Son günlerde Ortadoğu'daki siyasi atmosferde önemli değişiklikler yaşanıyor. İsrail’in yeni Dışişleri Bakanı Eli Cohen, Abraham Anlaşmaları sürecini ilerletmek amacıyla ABD’ye gidiyor. Bu ziyaret, sadece iki ülke arasındaki ilişkileri güçlendirmekle kalmayacak, aynı zamanda Ortadoğu’daki genel dengeleri de etkileyebilir. Cohen’in ziyareti, aynı zamanda bölgedeki diğer ülkelerle de olan ilişkileri yenileyebilir.
Abraham Anlaşmaları, 2020 yılında imzalanan ve İsrail ile bazı Arap ülkeleri arasında ilişkilerin normalleşmesini hedefleyen bir dizi anlaşmayı ifade ediyor. Birleşik Arap Emirlikleri ve Bahreyn, bu anlaşmalarla birlikte İsrail ile diplomatik ilişkilerini tesis etmiş, Sudan ve Magrip ülkeleri ise normalleşme adımları atmıştı. Fakat bu anlaşmaların sürdürülebilirliği ve etkisi, zamanla farklı dinamikler tarafından şekilleniyor. Eli Cohen’in ABD ziyareti, bu süreçte yeni bir ivme yaratmayı amaçlıyor.

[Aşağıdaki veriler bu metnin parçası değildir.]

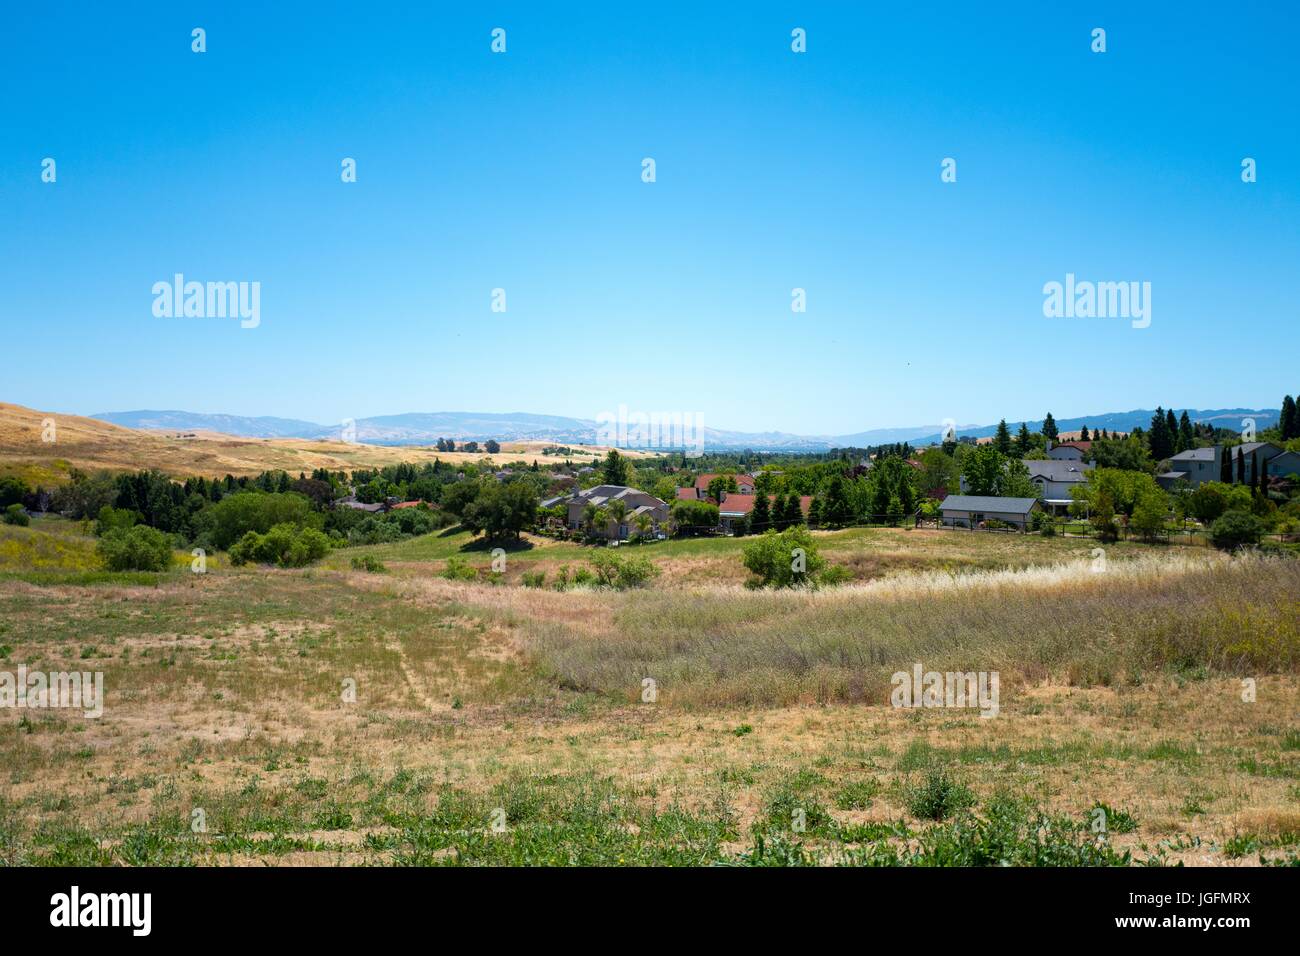 Erba secca, nuove case e le colline circostanti sono visibili in San Ramon Valley, parte della East Bay parte dell'Area della Baia di San Francisco, San Ramon, California, 4 giugno 2017. Foto Stock

Cohen, Washington’da üst düzey yetkililerle bir dizi toplantı gerçekleştirecek. Ziyaretin ana gündem maddesi, Abraham Anlaşmaları’nın derinleştirilmesi ve bölgedeki diğer Arap ülkeleri ile olan ilişkilerin geliştirilmesi. Özellikle Suudi Arabistan ile olan diyalog, bu ziyaretin önemli bir parçasını oluşturacak. Cohen’in gündeminde, İran’ın nükleer programı ve bölgedeki güvenlik meseleleri de yer alıyor. ABD’nin bu konulardaki tutumu, İsrail için hayati bir önem taşıyor.
Bu ziyaretin, başta Suudi Arabistan olmak üzere, diğer Arap devletleriyle yeni bir ilişki biçimi tesis etme yönünde büyük bir şans sunacağı düşünülüyor. Zira, Suudi Arabistan’ın İsrail ile normalleşme sürecine girmesi, Ortadoğu’daki güç dengeleri üzerinde kalıcı etkiler yaratabilir. Cohen’in müzakereleri, bu anlamda heyecan verici bir gelişme olarak değerlendiriliyor.

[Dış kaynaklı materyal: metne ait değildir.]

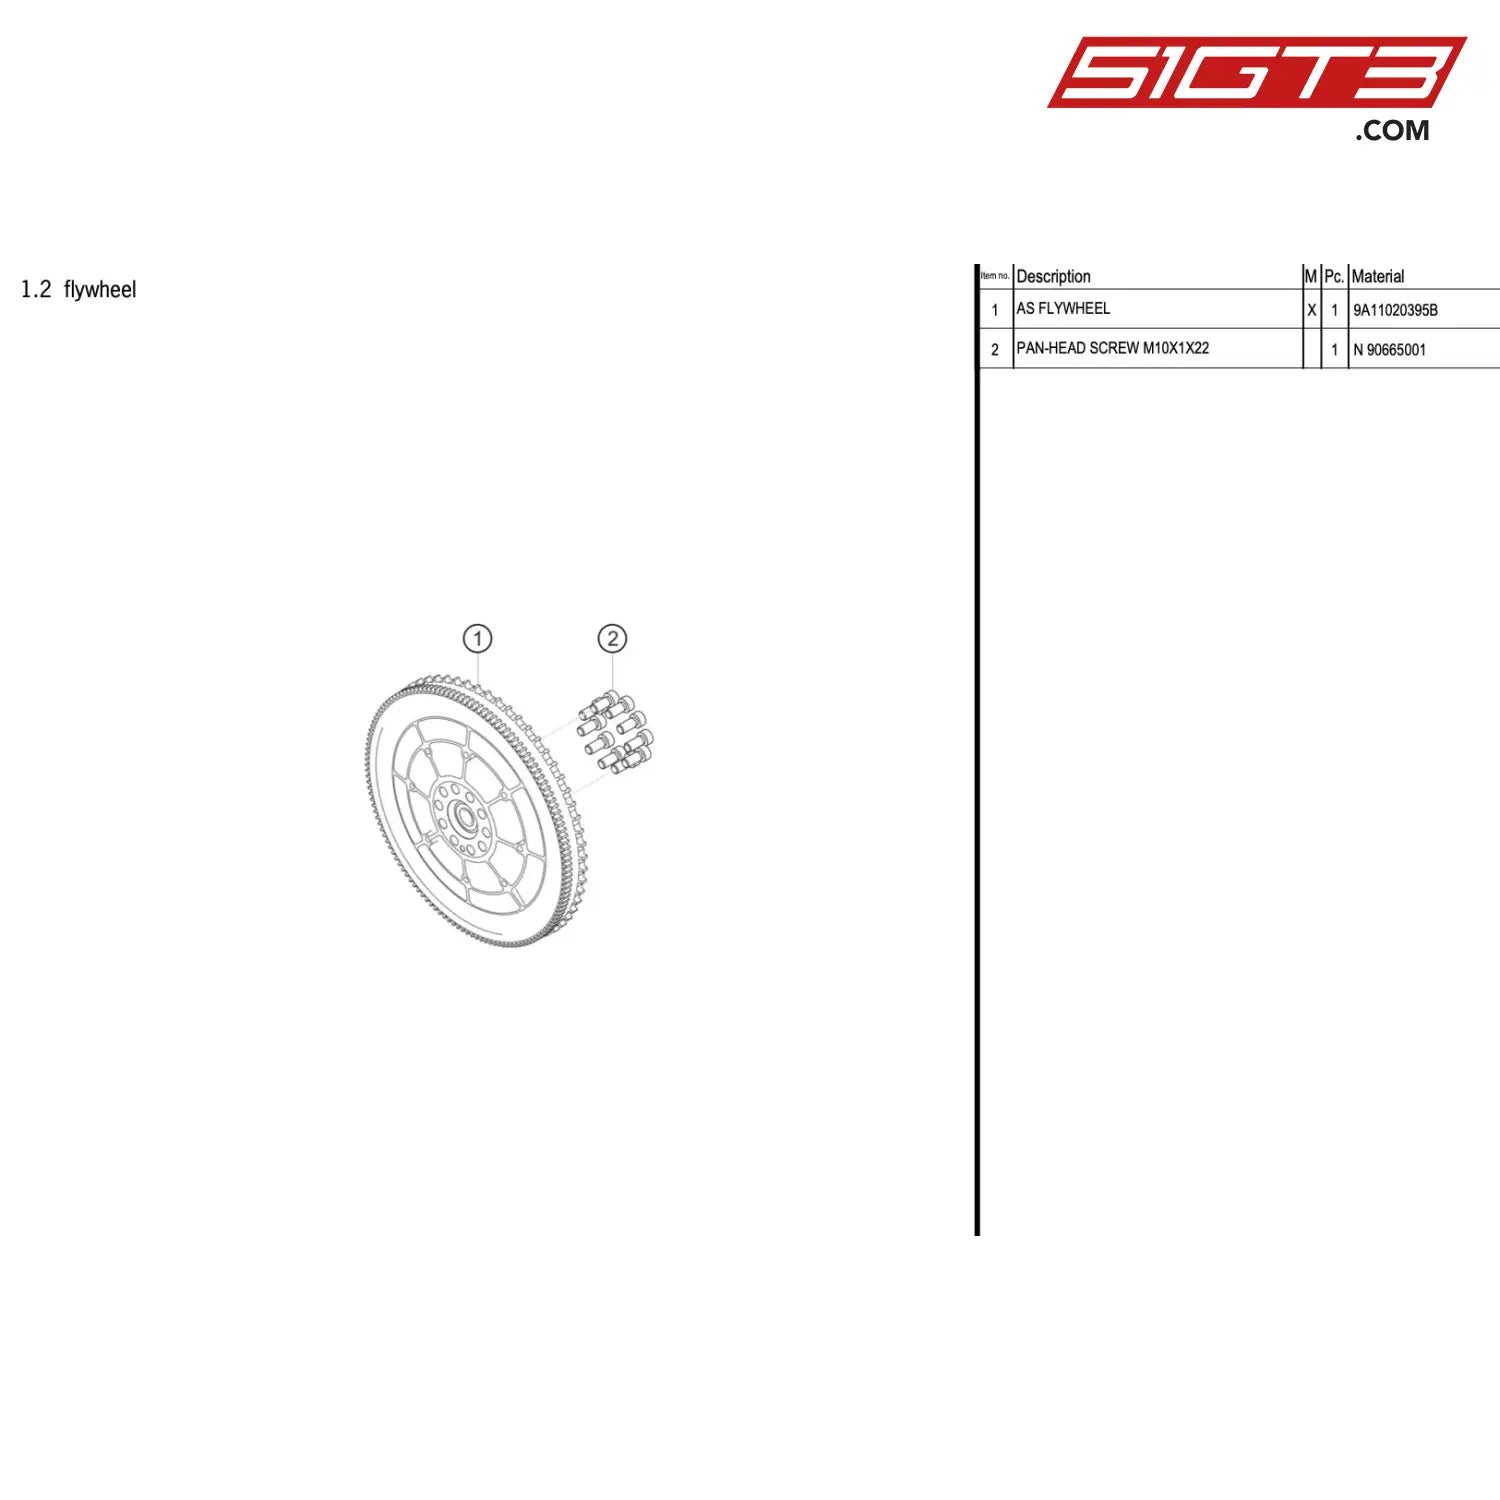 Pan-Head Screw M10X1X22 - N-90665001 [Porsche 911 Gt3 R Type 991 (Gen 2)] Flywheel

Cohen’in ABD ziyareti sonrasında atılacak adımlar, bölgedeki güvenlik iklimini değiştirebilir. İsrail ile Arap ülkeleri arasındaki diplomatik ilişkilerin sağladığı istikrar, aynı zamanda İran’ın etkisinin azaltılmasına yönelik bir strateji olarak da görülebilir. Zira, Abraham Anlaşmaları çerçevesinde atılacak adımlar, sadece ekonomik ve ticari ilişkilerin ilerlemesine değil, aynı zamanda terörizmle mücadelede iş birliğinin güçlenmesine de olanak tanıyabilir.

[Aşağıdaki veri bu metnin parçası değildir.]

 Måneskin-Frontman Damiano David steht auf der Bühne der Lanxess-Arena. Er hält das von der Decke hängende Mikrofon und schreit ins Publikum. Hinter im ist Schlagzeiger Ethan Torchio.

Bütün bu gelişmeler ışığında, Ortadoğu'nun geleceği hakkında var olan belirsizliklerin giderek azaldığını söylemek mümkün. Cohen’in ABD’deki temaslarının sonuçları, tüm taraflar için büyük önem taşıyor. Abraham Anlaşmaları’nın geleceği ve Ortadoğu’daki barış sürecinin hangi yöne evrileceği merakla bekleniyor.